» **Work to be completed**
Reproduce the data exactly as given, except for any images.

» **Given data**
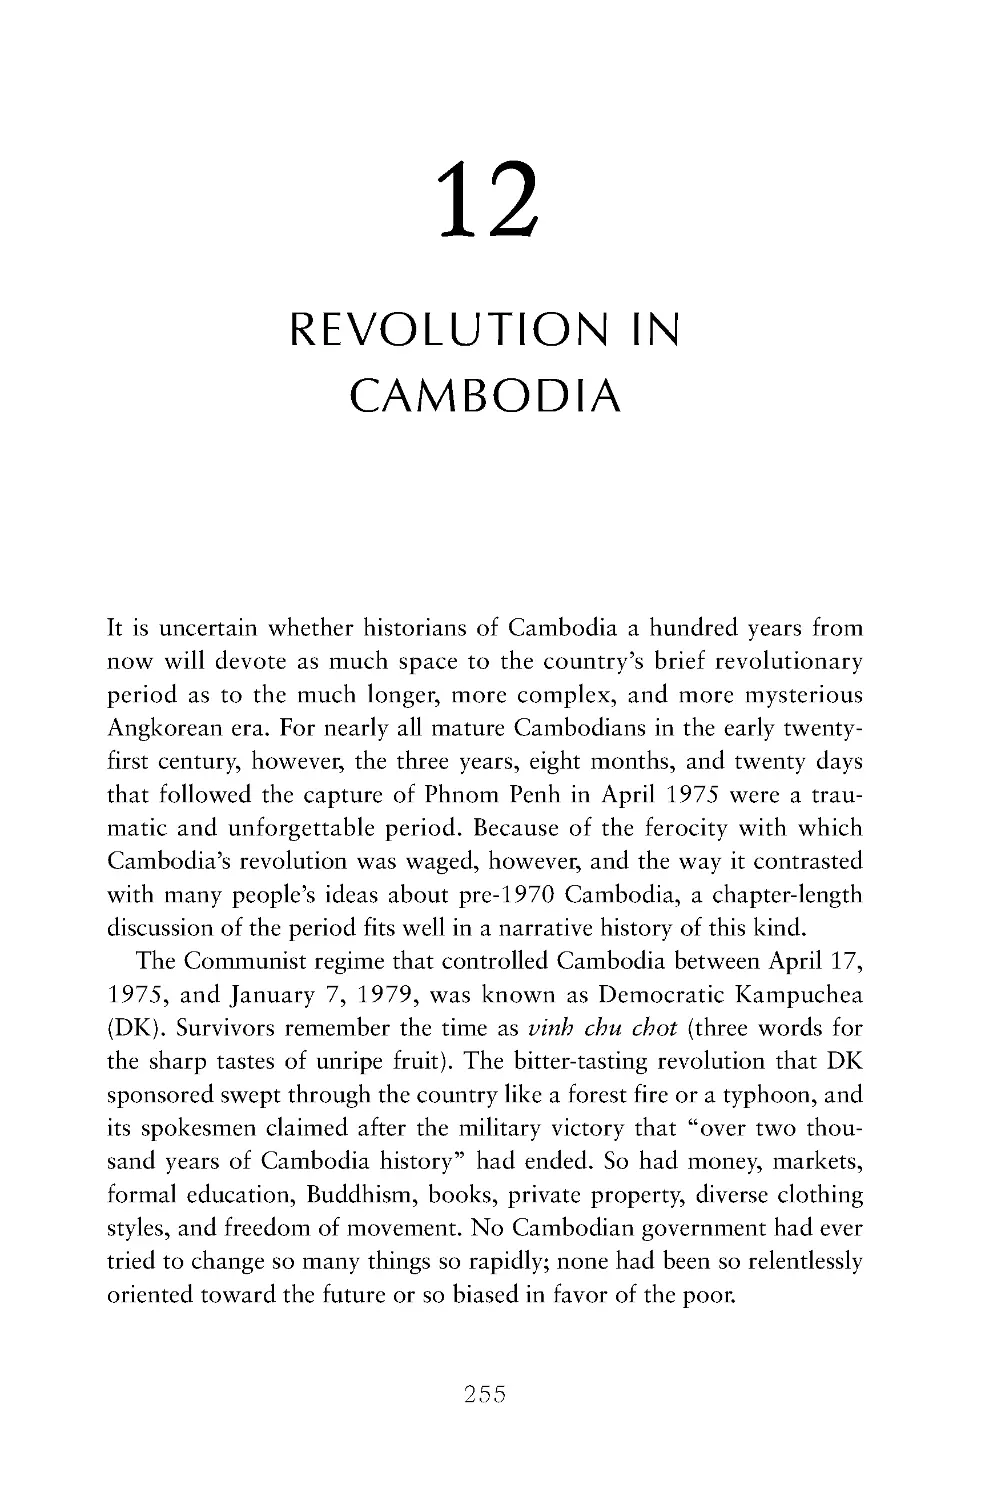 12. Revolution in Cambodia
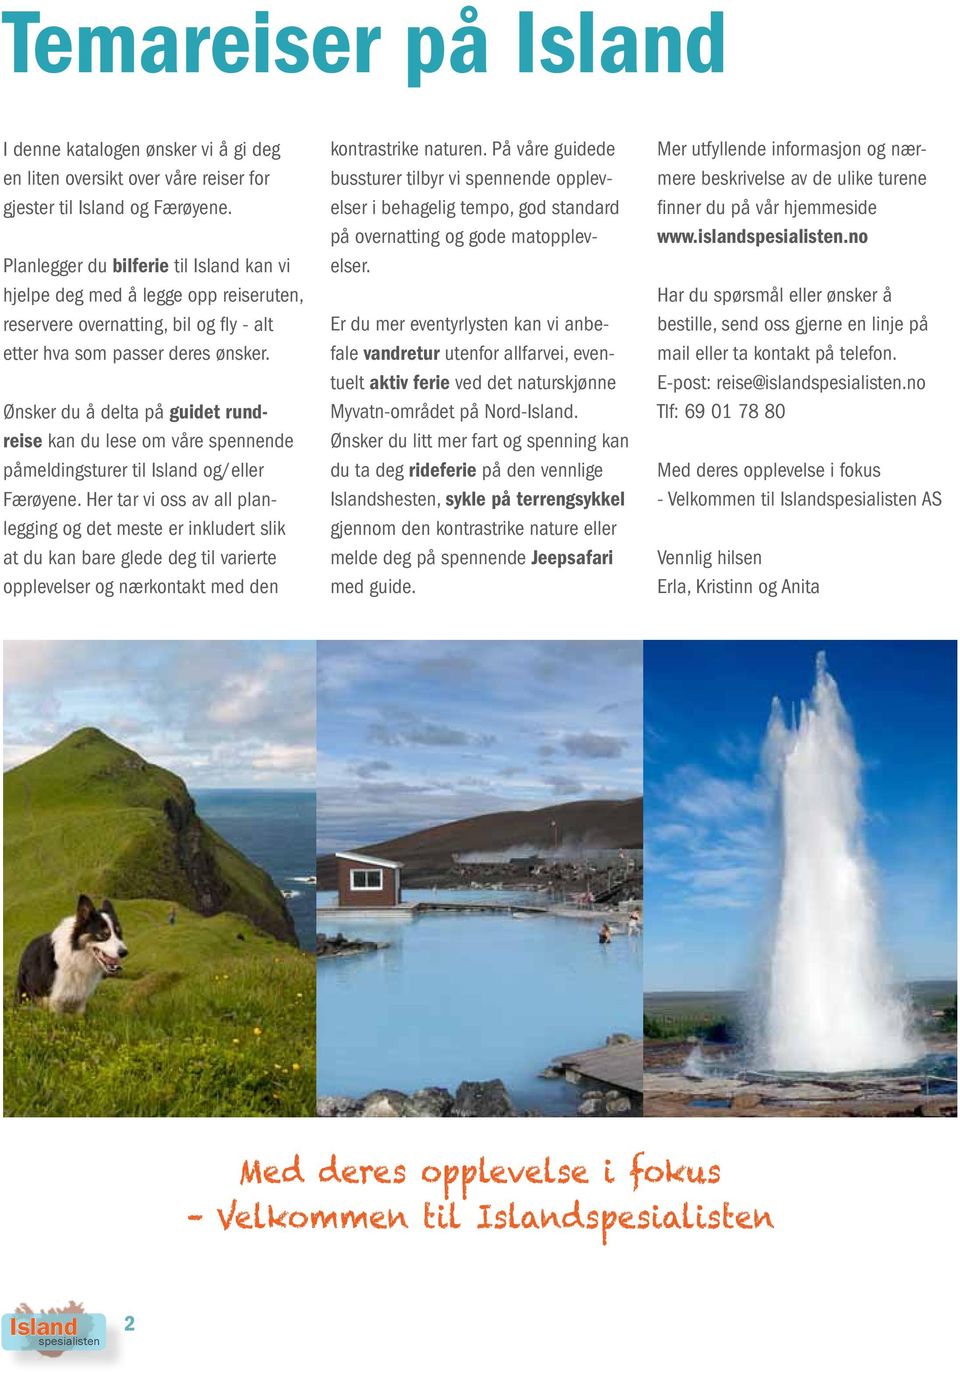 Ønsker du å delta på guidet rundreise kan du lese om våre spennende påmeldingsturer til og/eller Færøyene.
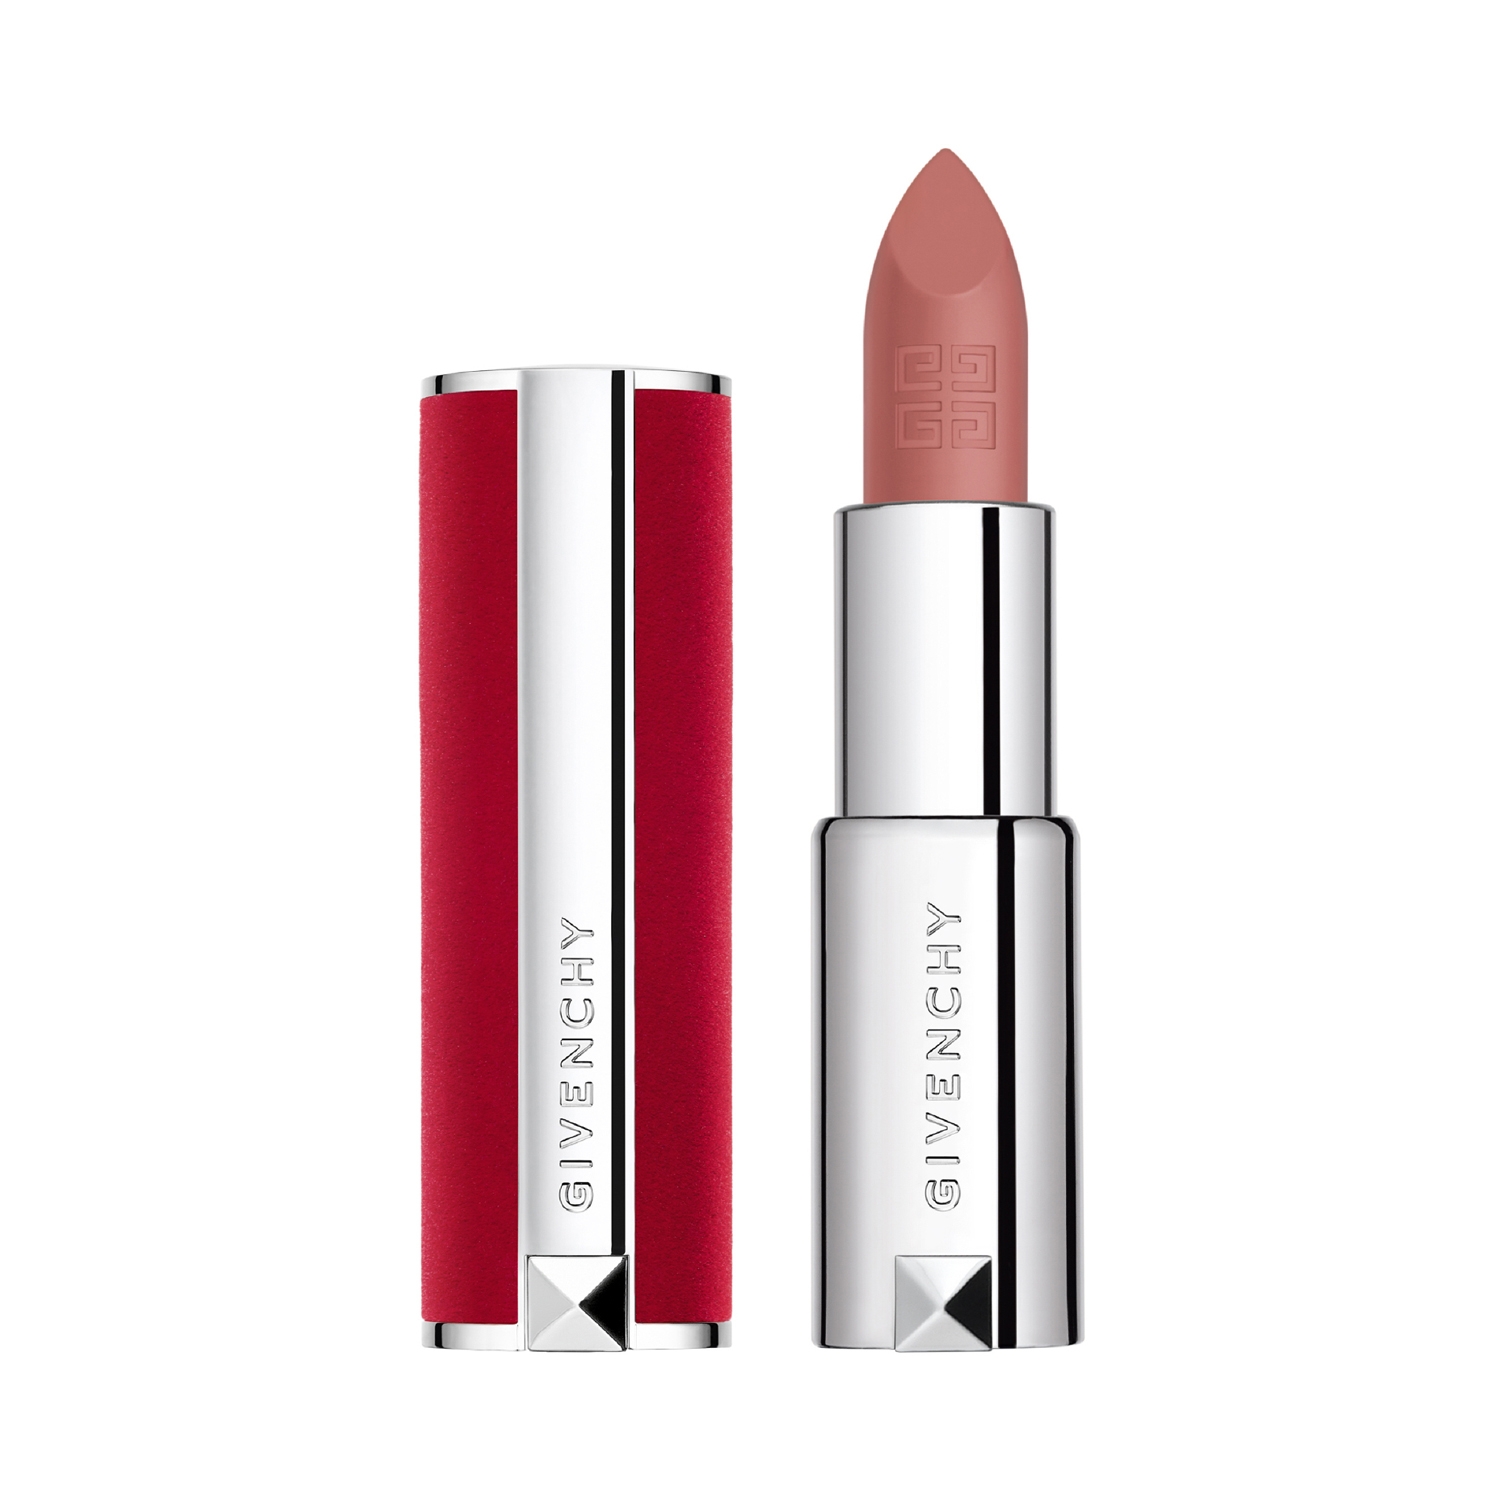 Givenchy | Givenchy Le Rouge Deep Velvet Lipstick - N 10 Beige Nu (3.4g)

» **Answer box**
 12. Revolution in Cambodia
 Ønsker du å delta på guidet rundreise kan du lese om våre spennende påmeldingsturer til og/eller Færøyene.
 Givenchy | Givenchy Le Rouge Deep Velvet Lipstick - N 10 Beige Nu (3.4g)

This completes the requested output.